On the horizontal axis (or x axis), one variable is plotted and then each corresponding score on the x axis is plotted against its respective value on the vertical axis (or y axis). The pattern that the variables show can indicate the nature of the relationship between the two variables. From the pattern above there appears to be a positive relationship between the length of an iris’s sepal and its width. The relationship is positive because one variable increases, so does the other. If the variables were to share a negative relationship we would see a trend where scores would move from the top left down until the bottom right like this plot below.

[EXAMPLES OF NO RELATIONSHIP, CURVILINEAR?]

We can describe both the strength and direction of each of these relationships by using Karl Pearson’s Pearson’s Product-Moment Correlation Coeffecient or \(r\). \(r\) has three main properties * \(r\) varies from -1 to 1 * The strength, or magnitude, of the relationship increases as distance from 0 increases. * The sign of the correlation represents the direction, or slope of the relationship.

In order to explore how \(r\) works, we are going to focus on an example where a graduate student samples 50 college professors in social sciences at the same university who have been there for at least 10 years. She measures them on a number of characteristics: average quality of their instruction, average quality of their courses, number of publications, and number of citations by other authors. She wants to know if there is there a relationship between the number of publications and number of citations?

Let’s enter our data in.

Now on to the calculations!

9.1 Calculating Person’s r

Using the data from above, the first way we are going to calculate \(r\) is to use the cross products. The cross producets represent the multiplication of X and Y represented on standardized scores. We can use the following two formulas:

\[r_{xy} = \frac{\Sigma z_X z_Y}{N}\]

\[z = \frac{X = \mu}{\sigma}\]

Note these formulas (e.g., z-score) use population characteristics and that this approach is very tedious. It also does not make sense unless you already have the z-scores calculated for some reason.

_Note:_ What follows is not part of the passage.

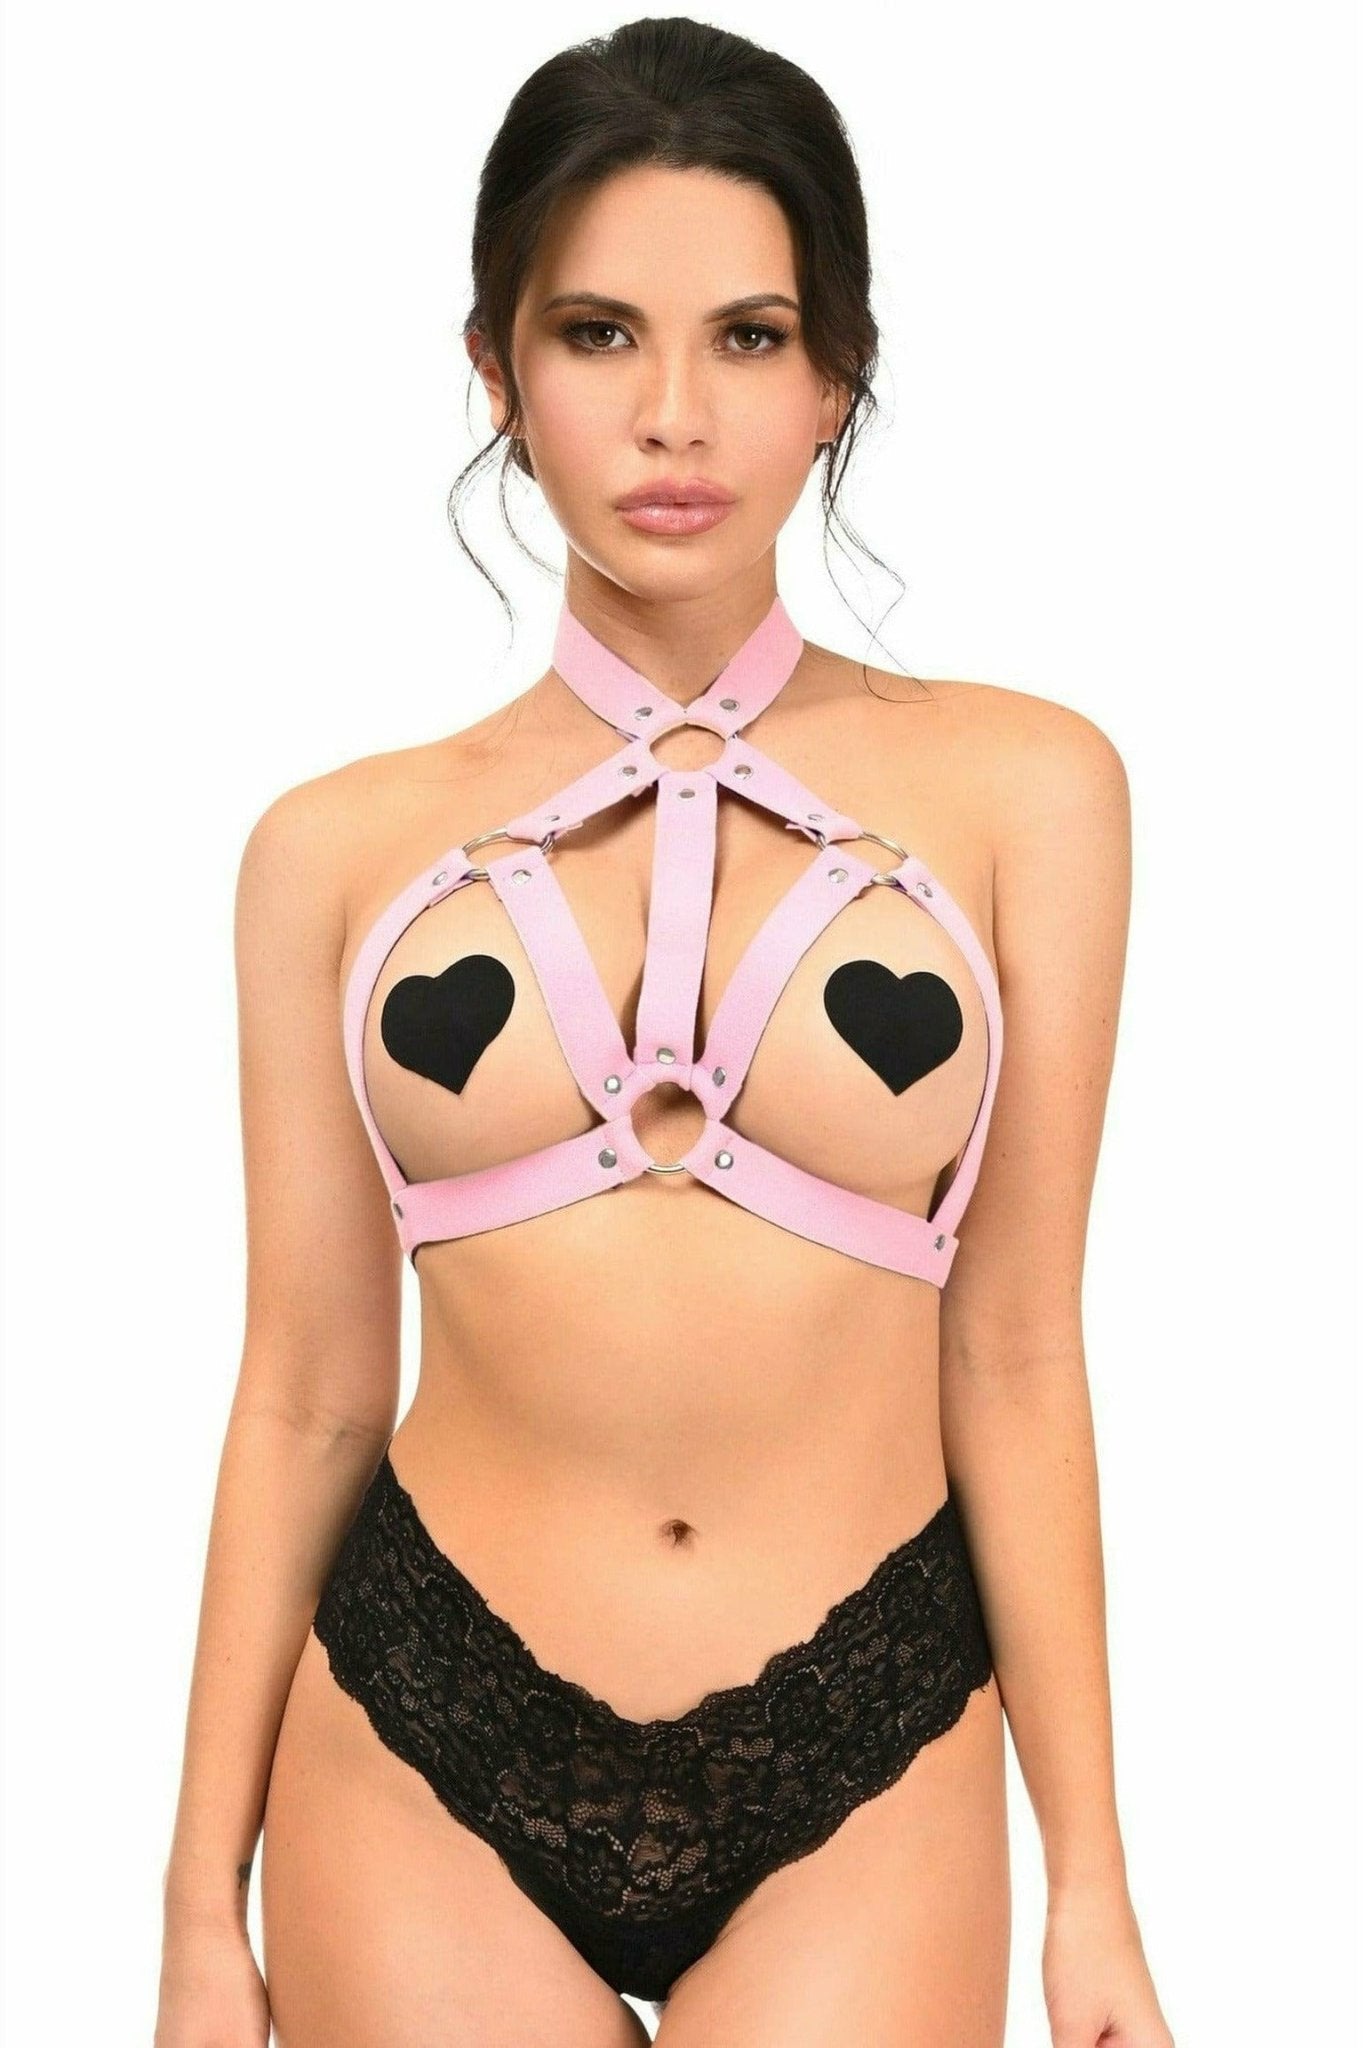 Light Pink Stretchy Body Harness with Silver Hardware Musotica.com

Since we want to have a better idea of these formulas, let’s break it down. What we are solving for is \(r_{XY}\) which is Pearson’s \(r\). The little \(X\) and \(Y\) indicates that the \(r\) there is representing the relationship between those two variables. This might seem obvious, but once you start looking at bigger datasets where you have more than two varaiblse, this notation is nice to keep track of what each \(r\) represents.

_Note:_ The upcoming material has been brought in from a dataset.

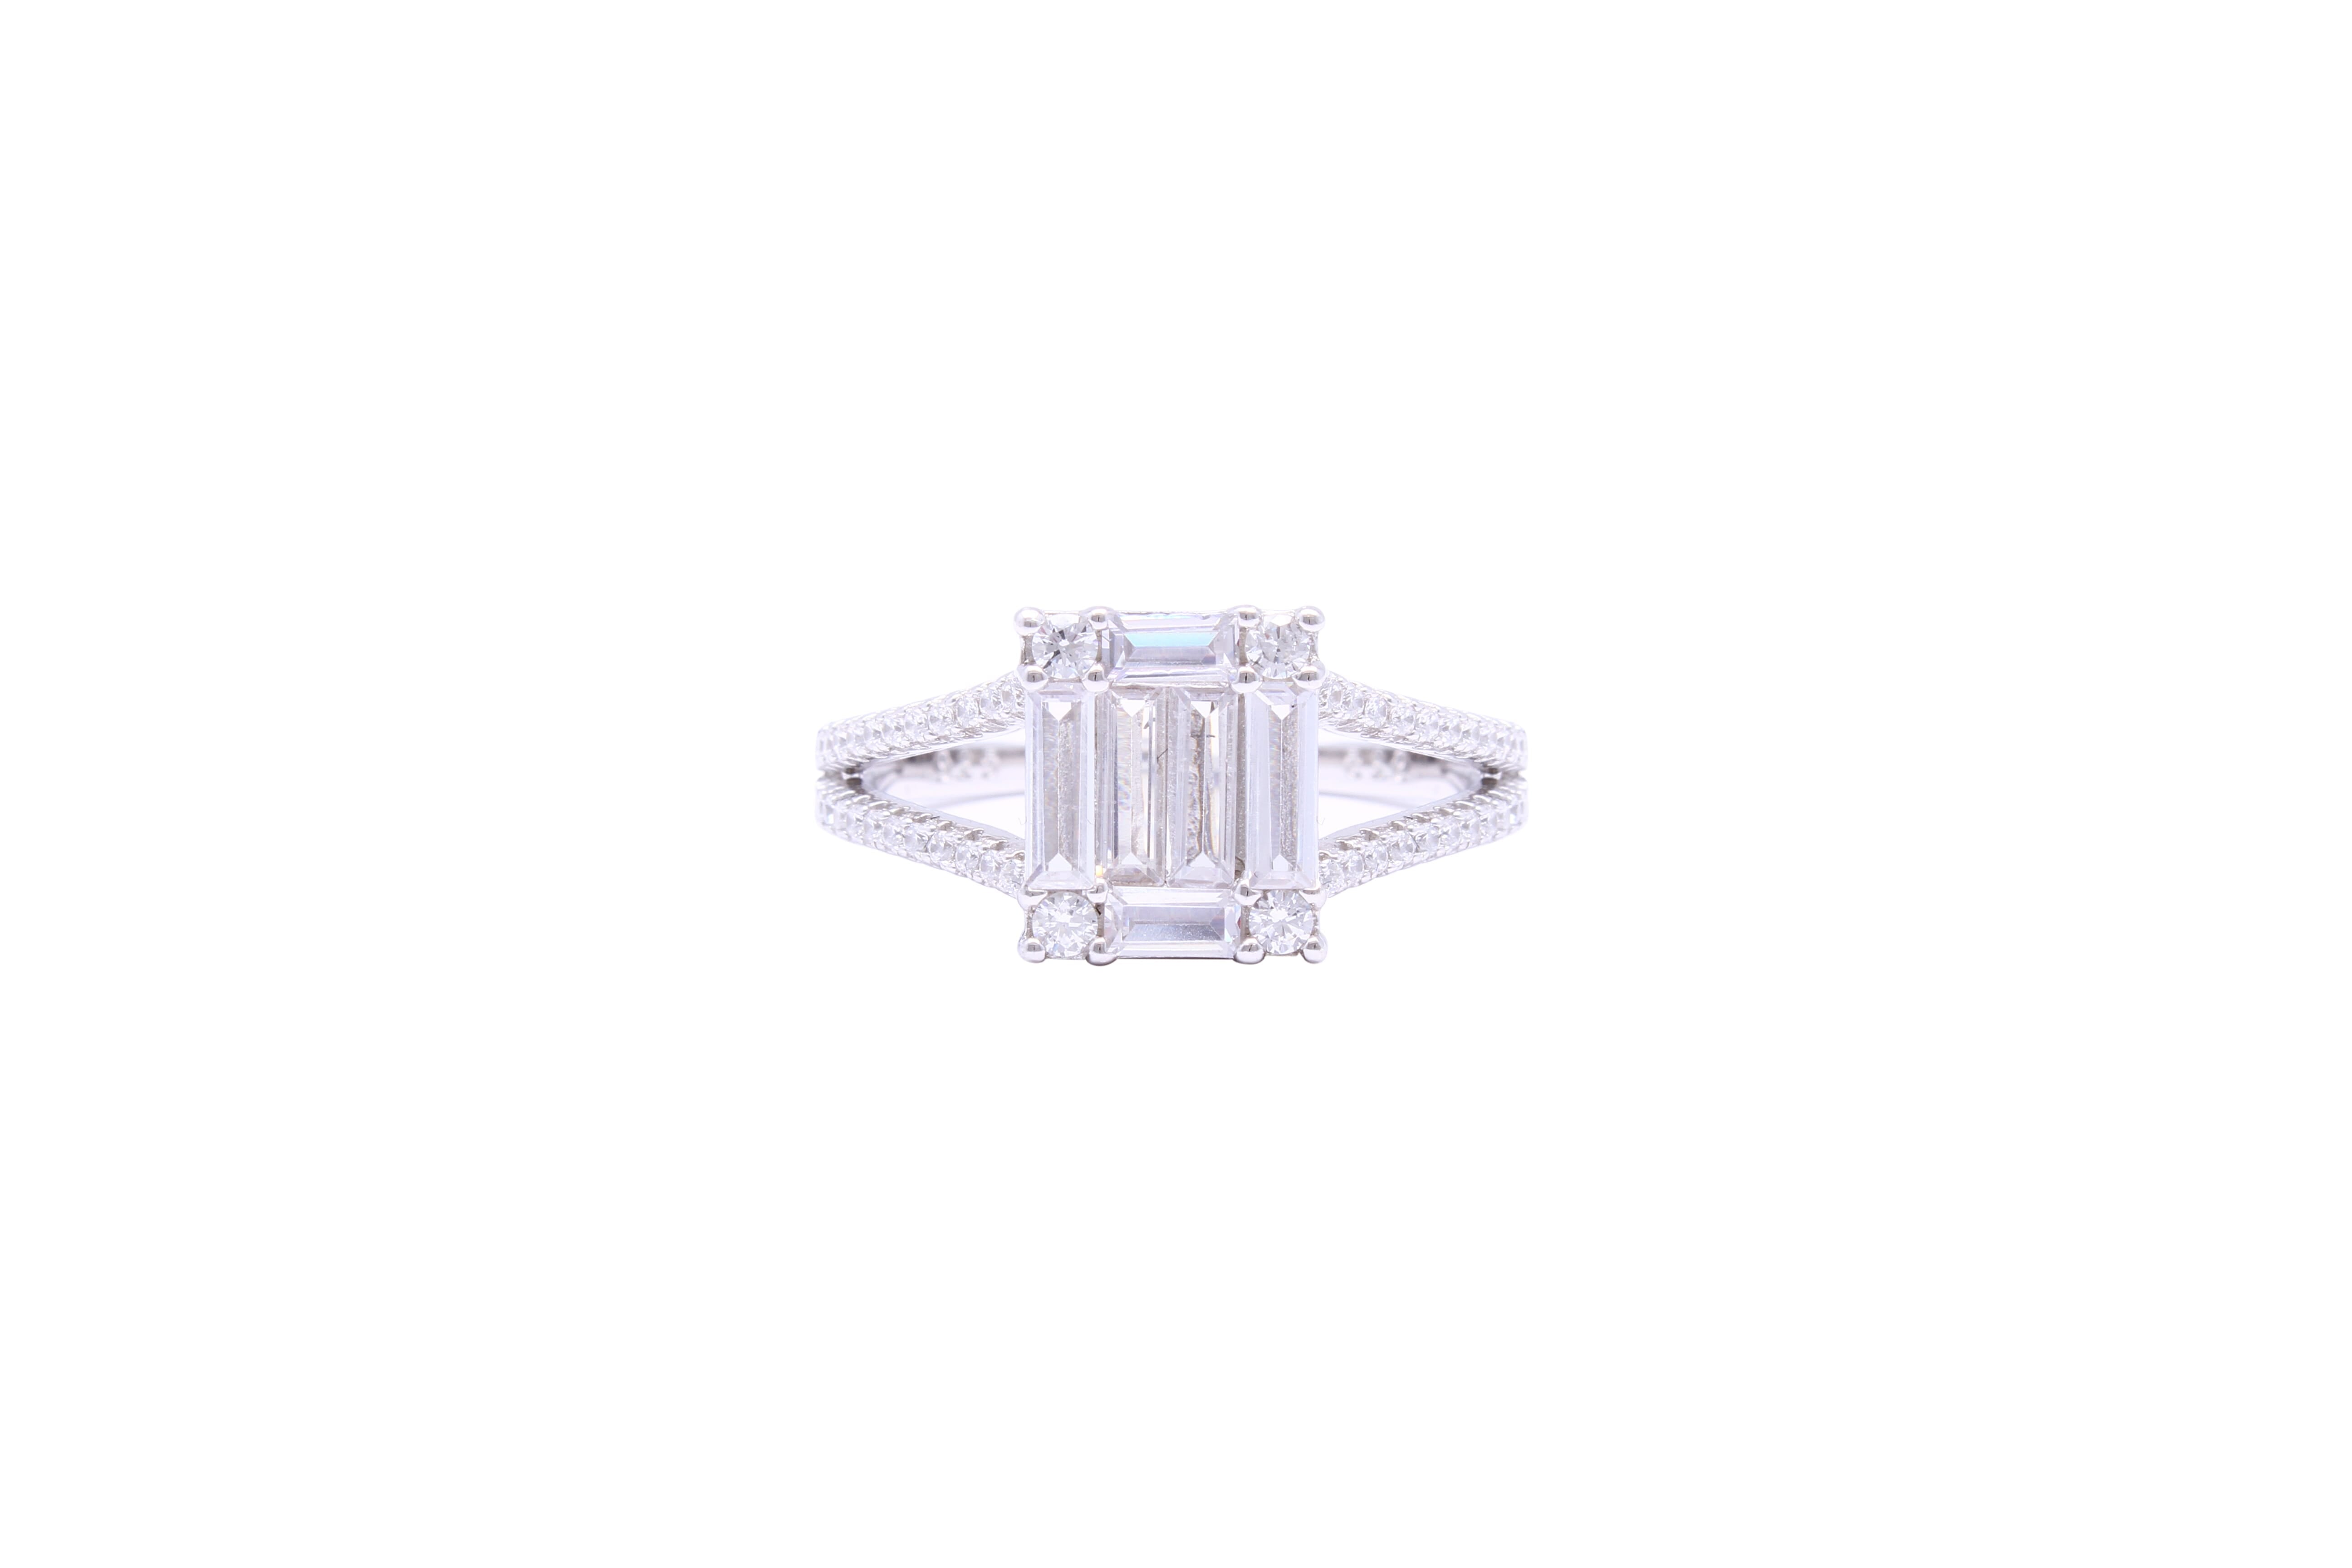 Asfour Crystal Fashion Ring With Inlaid With Baguette Zircon Stones In 925 Sterling Silver RD0007-8

Now the top part of our equation is \(\Sigma z_X z_Y\). The \(\Sigma\) means we need to perform a summation (add them all up!) the products of each set pair of \(z\) scores. So in order to do this, let’s first get the z scores from each of our variables.

##             [,1]
##  [1,] -0.6720661
##  [2,]  0.3733701
##  [3,] -0.5973921
##  [4,] -0.5973921
##  [5,]  0.1493480
##  [6,] -0.4480441
##  [7,]  0.5227181
##  [8,] -0.5973921
##  [9,]  0.2986961
## [10,] -0.5973921
## [11,] -0.6720661
## [12,] -0.1493480
## [13,]  2.9869605
## attr(,"scaled:center")
## [1] 9
## attr(,"scaled:scale")
## [1] 13.39154
##              [,1]
##  [1,] -0.74362264
##  [2,]  0.45312906
##  [3,] -0.71702815
##  [4,] -0.31811092
##  [5,] -0.03886886
##  [6,] -0.58405574
##  [7,]  0.69247940
##  [8,] -0.69043367
##  [9,]  0.34675113
## [10,] -0.49097506
## [11,] -0.74362264
## [12,] -0.06546334
## [13,]  2.89982142
## attr(,"scaled:center")
## [1] 55.92308
## attr(,"scaled:scale")
## [1] 75.20357

Now that we have the \(z\) scores of our data, we then need to multiply them by each other.

We’ve now done the top part of the equation. All that is left to do is now divide by number of observations we have. Note here that we could hardcode this is in knowing that we only have 13 observations, but if we were get to more data, we wouldn’t want to have to update that every time! In order to get around this problem, let’s make R count how many variables we have, then divide by that with the `nrow() function.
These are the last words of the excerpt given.